Think of the process as crowdsourcing an industry viewpoint. The average of responses in all basins and across all service lines, including drilling, workover and well stimulation, was $50 WTI and $2.98 Henry Hub.
Empirical evidence adds credibility to contractors’ expectations about work volume and price. Last July, oilfield service providers reported that operators were inquiring about adding rigs. The rig count was moving up incrementally, after bottoming in June. Oil prices were above $60. Thirty days later, oil prices retreated in what turned out to be the leading edge of phase II of the current downturn. Operator demand for oil services soured immediately, as did contractor sentiment.
Last summer’s $60 price deck threshold predates additional reductions in service costs, generally down 35% to 40%, coupled with improvements in wellsite processes and incrementally greater hydrocarbon recovery. The main takeaway from the first-quarter Hart Energy surveys is that operators have lowered the threshold at which they will become active. That $10-per-barrel drop in price versus last summer is a substantial change in outlook.
Looking at the particulars, service providers expressed a range of threshold oil prices needed to increase activity. At the low end, Permian Basin workover providers cited $43; Permian Basin drillers came in at $48. Eagle Ford drilling contractors were not far behind at $46. Conversely, the threshold was highest in the Bakken Shale, where drilling contractors posted a consensus $55, while Bakken workover contractors expected demand to increase at $52.
The outlook for natural gas price thresholds was more uniform, with Marcellus contractors at $2.78 on the low end while service providers in the dry gas basins, including the Fayetteville, the Haynesville and the Barnett shales, ranged between $2.90 and $2.97.
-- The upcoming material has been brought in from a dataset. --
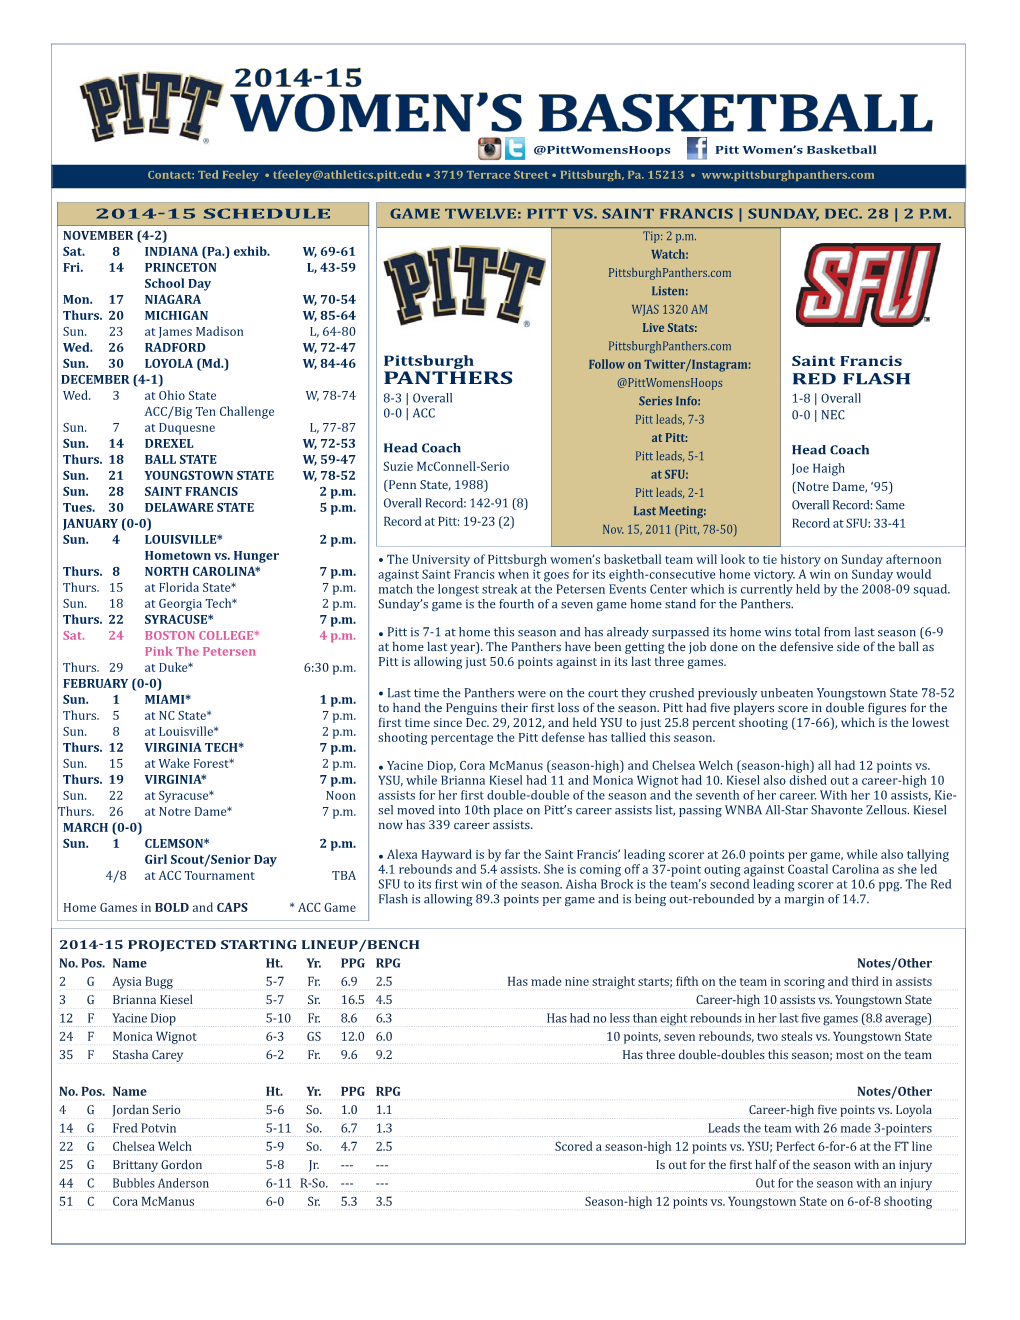 Women's Basketball Pitt Individual Game-By-Game (As of Dec 25, 2014) All Games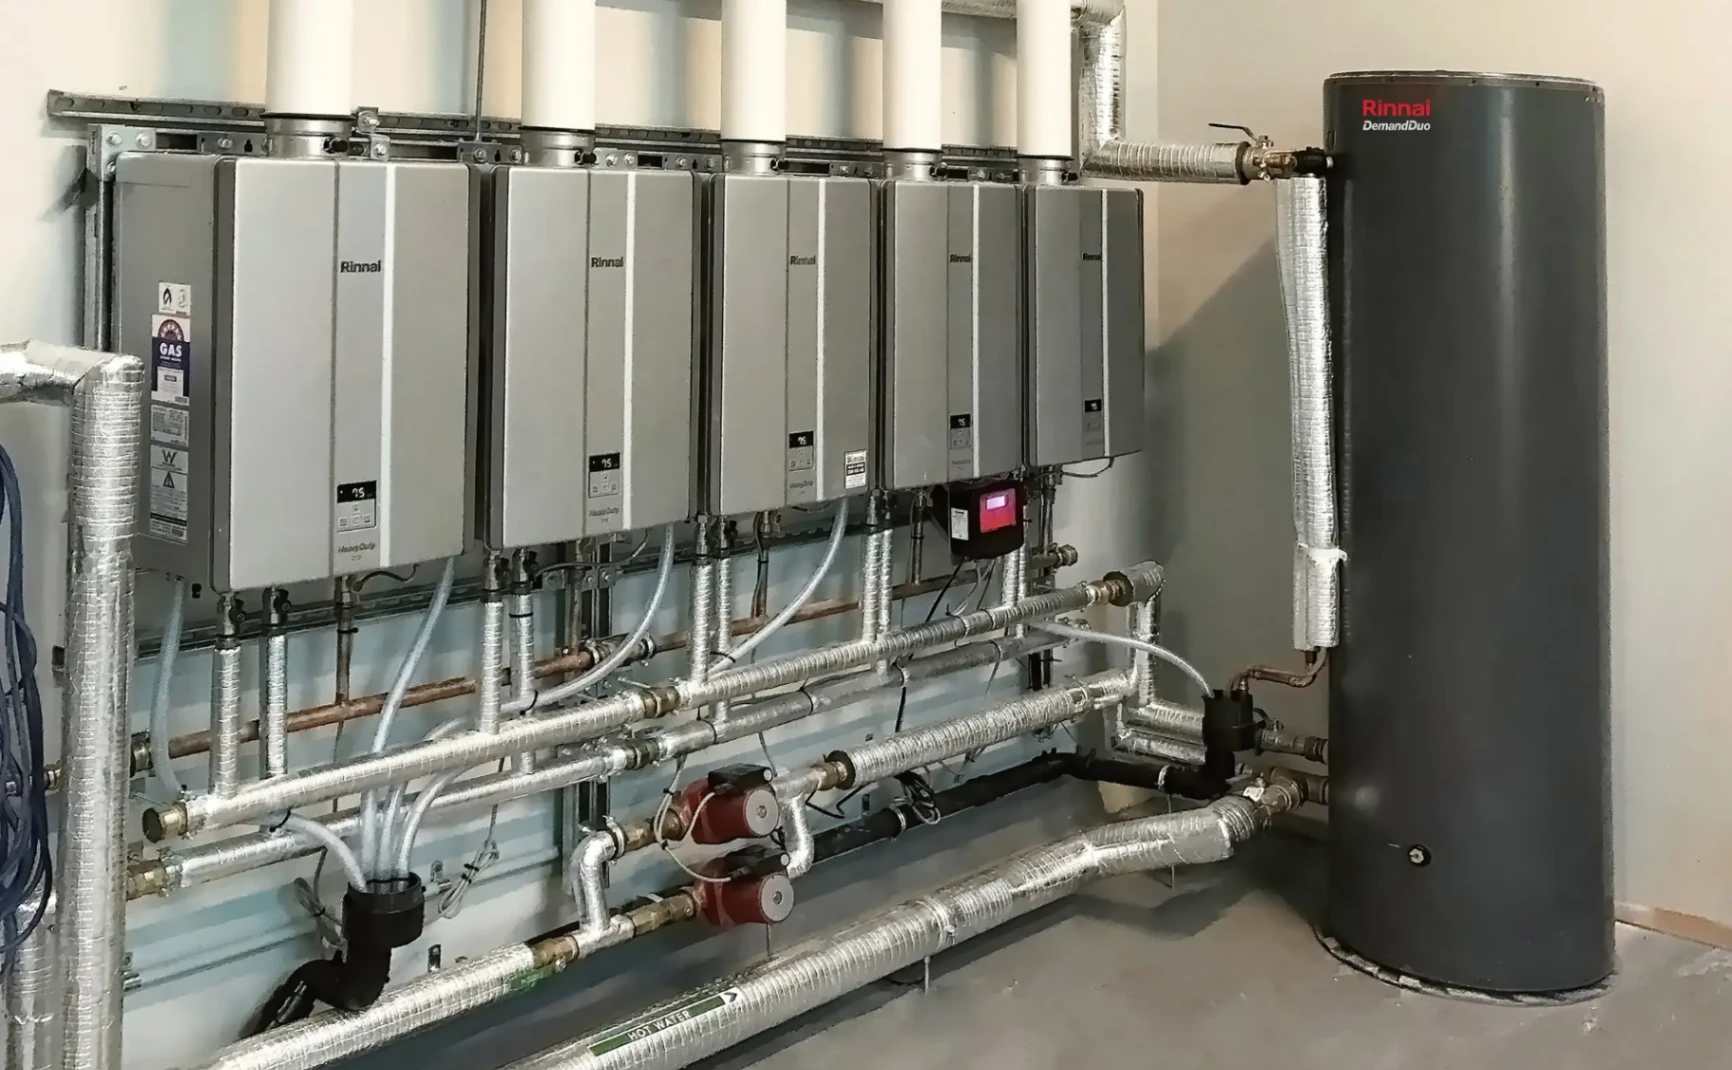 Rinnai commercial gas hot water system with 4 systems and commercial flue

A couple of caveats are worth noting, especially for an investment community that assumes the industry has an activity switch that can be flipped quickly. Commodity pricing must become less volatile, and it must reside at a higher threshold for a minimum of 90 days before operators develop the confidence to wade back into the market. In reality, six months is likely to elapse between a recovery in commodity prices and a significant uptick in activity levels.
As it stands now, the recovery is expected to unfold in two phases. The first is bringing drilled but uncompleted (DUC) wells online. Estimates on the number of DUCs in the U.S. range from 4,000 to 6,000. Both figures include a standard backlog of about 2,000 wells awaiting completion. There are roughly 100 well stimulation crews in the industry currently completing about 250 wells per week. The industry is expected to attack the DUC backlog first at a sustained commodity price regime in the mid-$40s. Afterward, operators will direct capex to expanding drilling activity at a sustained price threshold somewhere around $50.
Both events assume operator cash flow improves due to increased production and higher prices. Building that financial foundation will take upward of 180 days. Furthermore, operators are likely to ramp up at a slower pace than Wall Street anticipates, judging by conference presentations. Assuming commodity prices recover soon, an oil patch activity uptick remains a second-half 2017 event.